To aid merging with other models, machine-readable descriptions of experimental composition (genotype and environment) is crucial (Aach ; Selinger ).

Initially, researchers try to keep genotype and environment constant via standard ‘model systems', but our ability to evaluate and exploit merged models over increasing experimental distances is growing rapidly. This is evident as we take hints from yeast, worms, and flies and apply them to human experimental systems. This process was accelerated in the realm of sequence comparisons by the advent of machine-readable sequences and, hopefully, something analogous will happen soon with biology via ‘systems biology'. I sincerely hope that this journal will be at the cutting edge of this revolution. Just as molecular biology was once a tiny fraction of biology, but now affects all corners, so, too, systems biology is likely to be embraced by all of biology as quickly as tools can be created and distributed. Early on, we will note that many systems are underdetermined, that is, the number of adjustable parameters is more than the number of experimental data. This can be fixed by adding constraints (Price ), separating out subsystems (genetically or biochemically), and of course, developing new technological sources of data. If probabilistic constraints exist, they should be applied, at least, as a means for discovering the limitations of the constraints.
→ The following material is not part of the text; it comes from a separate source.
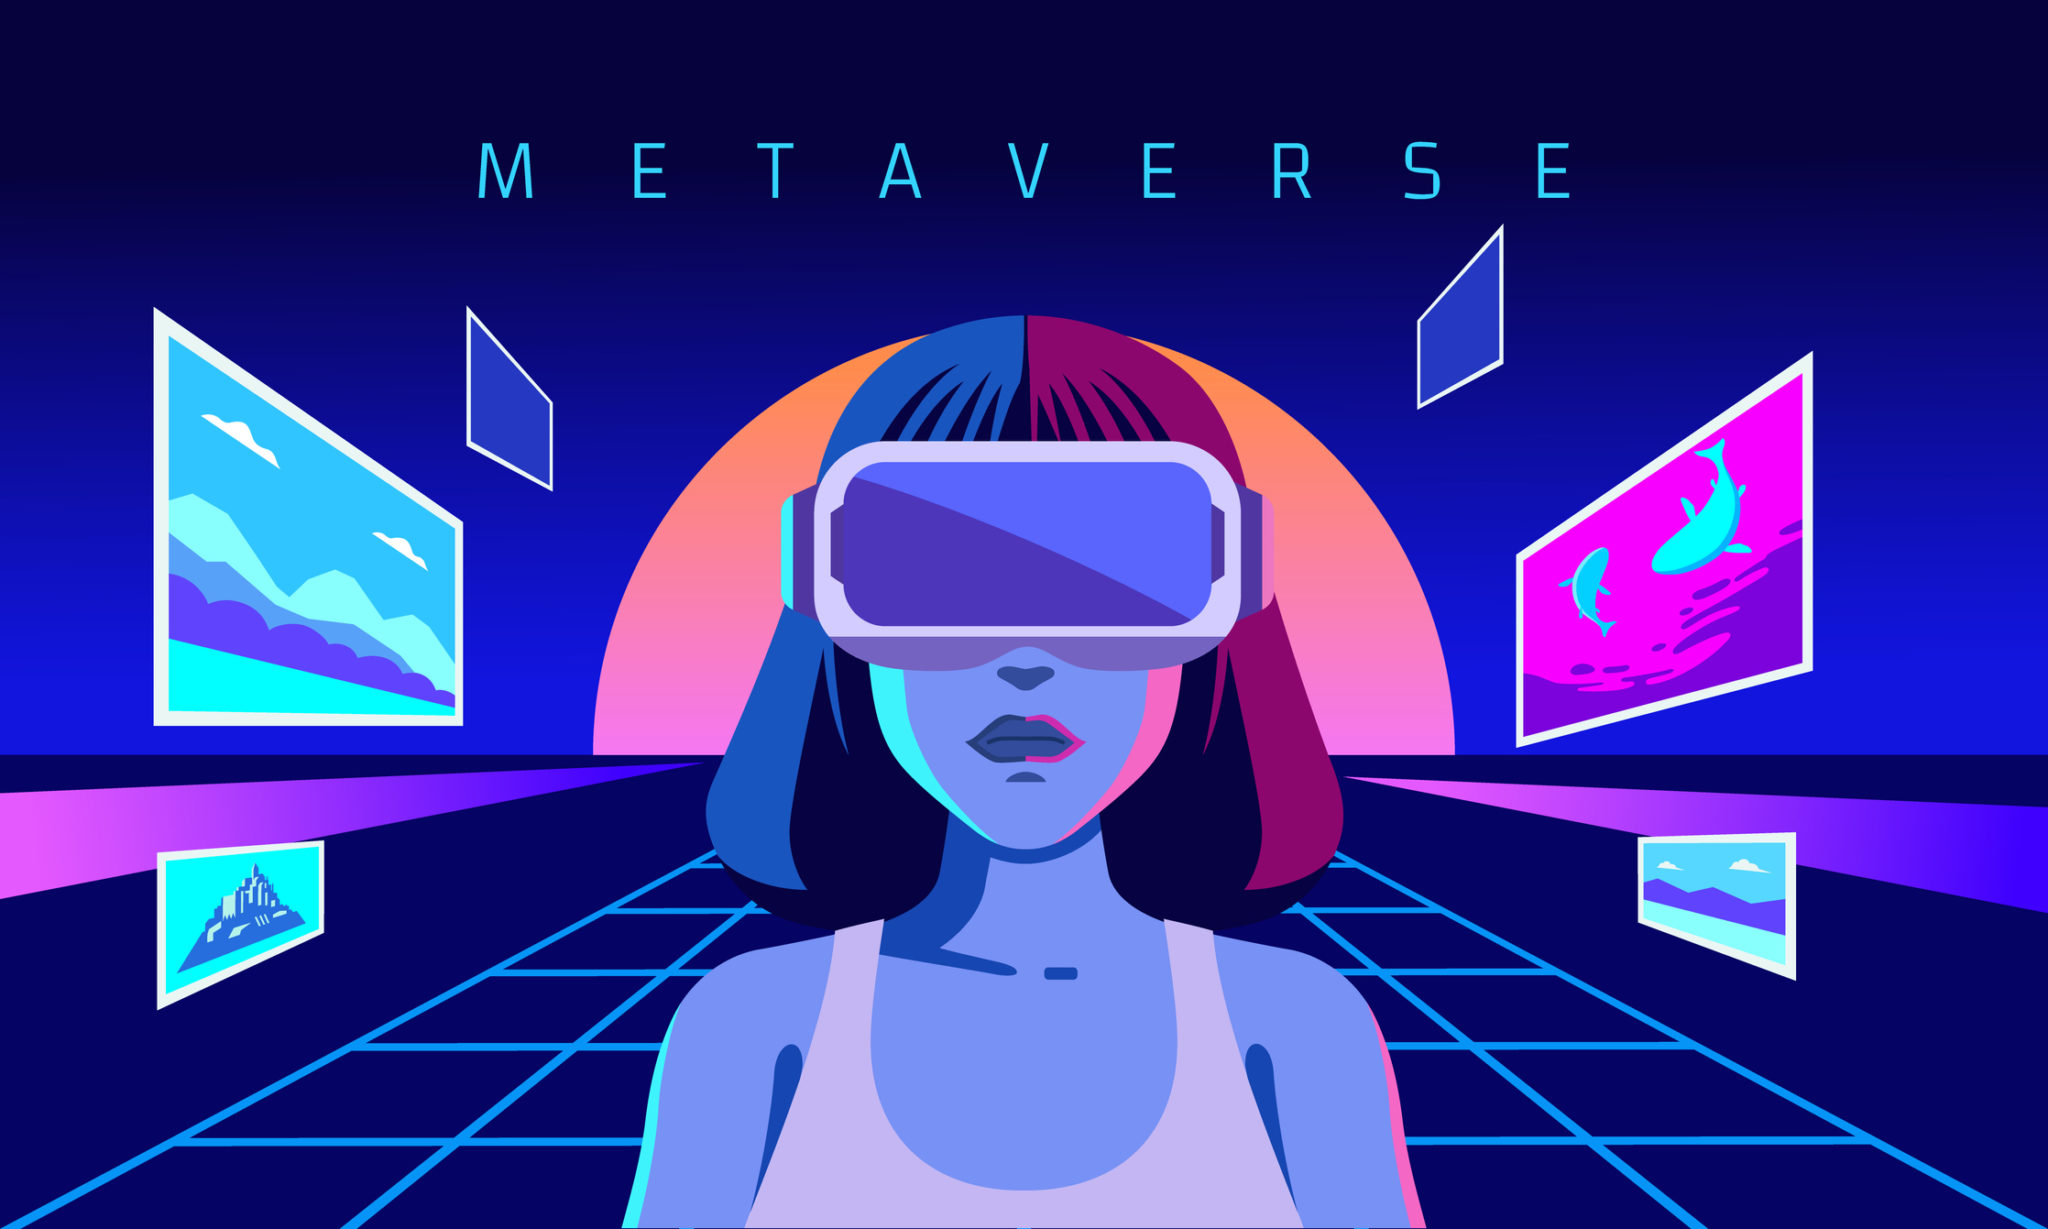 Metaverse Digital Virtual Reality Technology of a woman with glasses and a headset VR connected to the virtual space

A terrific source of constraints is the optimality of many biological subsystems for their evolved tasks, and deviations from optimality are expected in certain cases (like mutants) and are informative (Segre ).
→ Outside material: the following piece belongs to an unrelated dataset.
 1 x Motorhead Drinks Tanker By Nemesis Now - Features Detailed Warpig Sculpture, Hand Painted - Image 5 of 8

The payoff for systems biology research is not merely abstract mathematical understanding, but empowerment to design new and improved biological functions via ‘synthetic biology' (Silver and Way, 2004). Combinations of well-characterized biological parts to create synthetic wholes not only drives toward applications faster but also finesses past the underdetermination and crosstalking nonmodularity of natural systems. With the advent of facile synthesis and reusable modules, the evolutionary bricolage can be studied or avoided as needed. We routinely ‘program' ourselves with small molecules, proteins, nucleic acids (e.g. vaccines), and stem cells (e.g. hematopoietic). With the rapidly increasing availability of personal medical omics data, along with databases of correlation and causality, physicians and researchers alike will need software to help make and explain complex probabilistic decisions to prioritize diagnostics, preventative lifestyles, and therapies. We hope that systems biology, in general, and this journal, in particular, will play central roles in expanding and deploying these revolutionary concepts tools, data, and models.